Hallo =)
Kurze Vorwarnung: der Text ist offensichtlich ein wenig länger ausgefallen als ursprünglich geplant und höchstwahrscheinlich ohne wirklichen roten Faden. Hab' einfach drauf losgeschrieben und das ist dabei rausgekommen:
Ich belüge mich bereits über ein Jahr lang alle paar Tage aufs Neue: "So, ein letztes Mal noch", "Diese Einzahlung noch - dann war's das!", "Na komm, jetzt machen die 50€ auch keinen Unterschied mehr". Manchmal auch damit, dass ich mir vorgaukle, komplett aufzuhören.

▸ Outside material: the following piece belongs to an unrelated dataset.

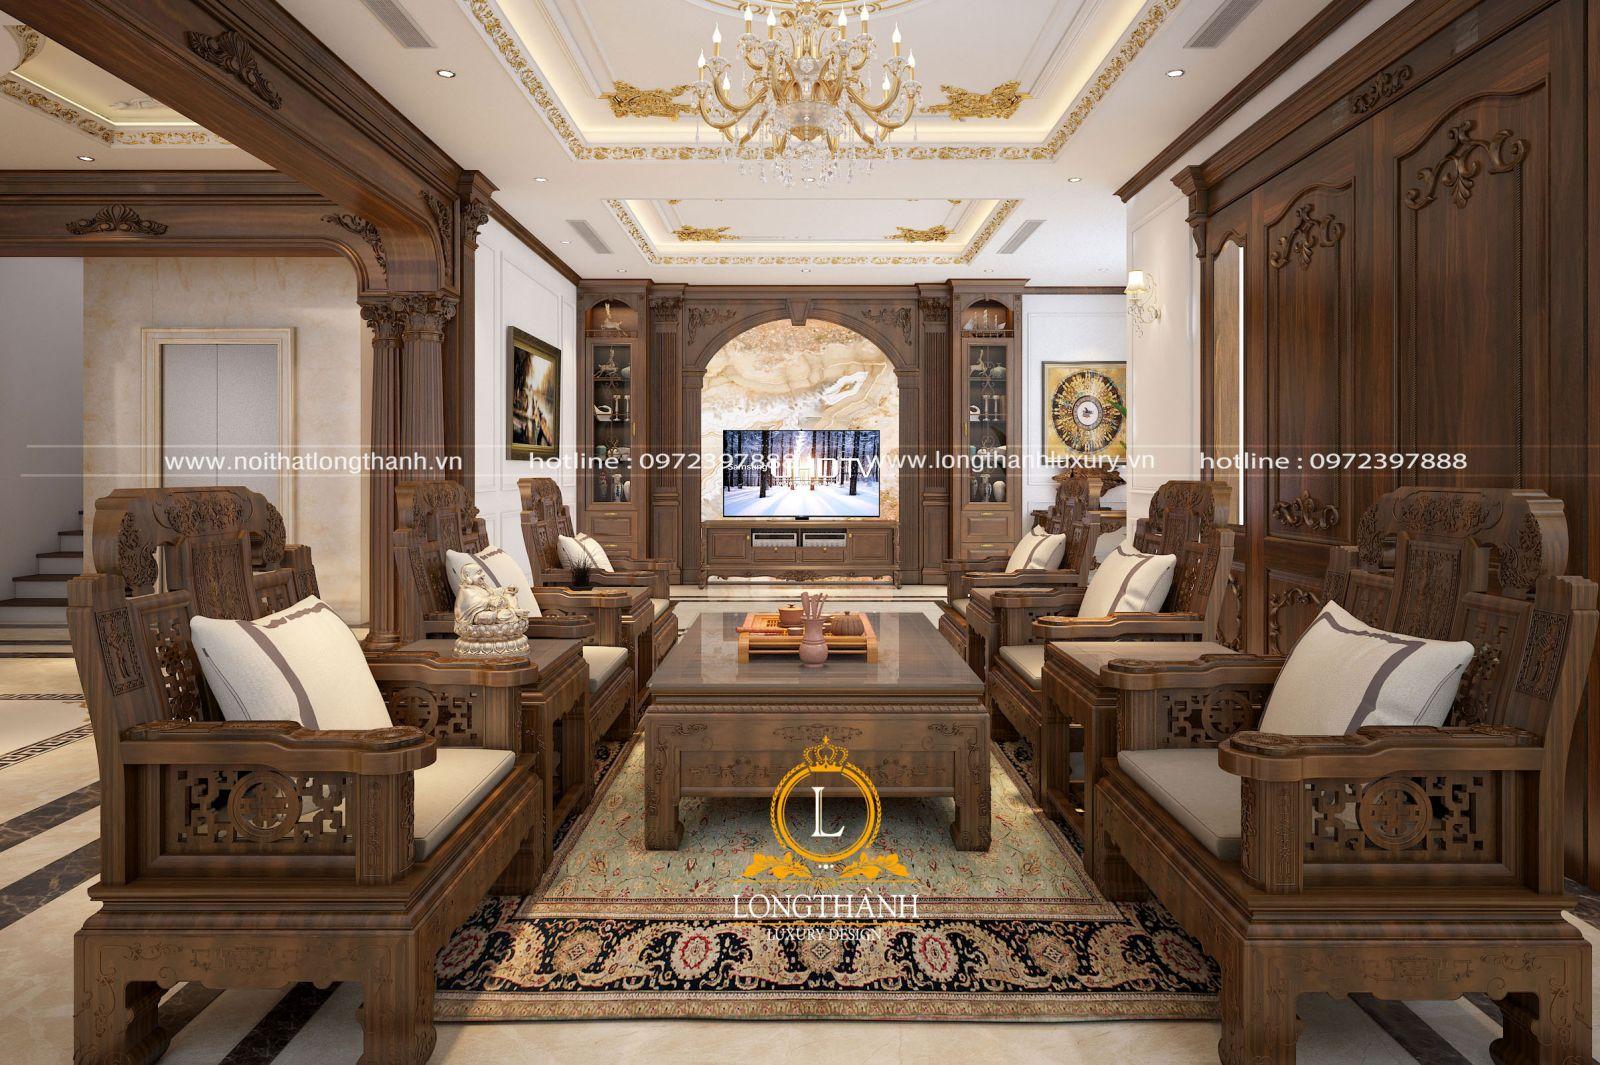 Những bức tranh và đèn trùm cho phòng khách đậm chất tân cổ điển
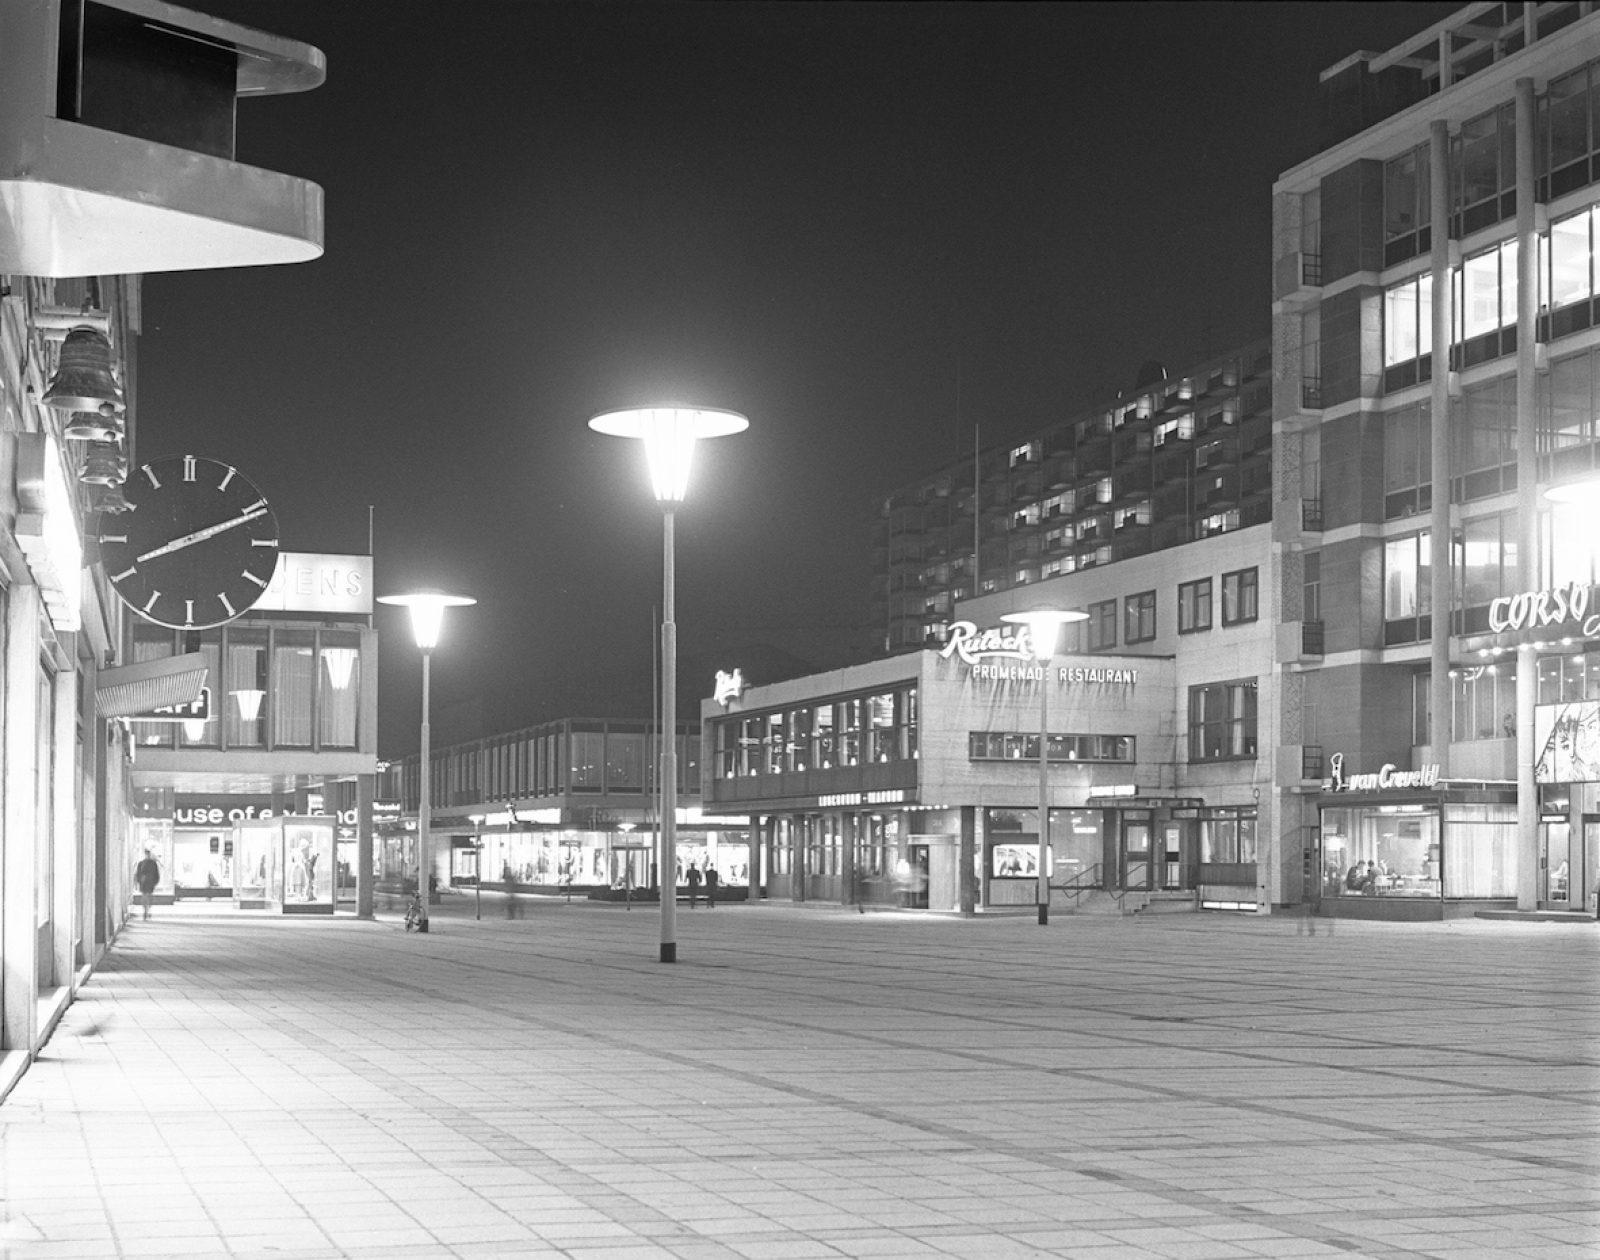 03 stadhuisplein 1964 NL Rt SA 4121 7634 1 ag

Spannenderweise finden (teils auch) intensive Gedanken, wirklich abstinent zu werden, meist nur dann Einhalt, wenn ich wieder eine ausgesprochen erfolgreiche Session hinter mir habe und mir selbst sage "What the fuck, so kann's einfach nicht weiter gehen". Am nächsten Tag sind diese zwar nicht verflogen, aber irgendwo im Hinterkopf verstaut, wo sie so leicht nicht mehr aufgegriffen werden können. Es vergehen wenige Tage, manchmal, mit ein wenig Glück (no pun intended), sogar Wochen, bis diese Gedanken komplett verdrängt werden, wie als wären sie niemals da gewesen. Und im Grunde habe ich damit ja keineswegs unrecht: Es kann schlichtweg so nicht weiter gehen.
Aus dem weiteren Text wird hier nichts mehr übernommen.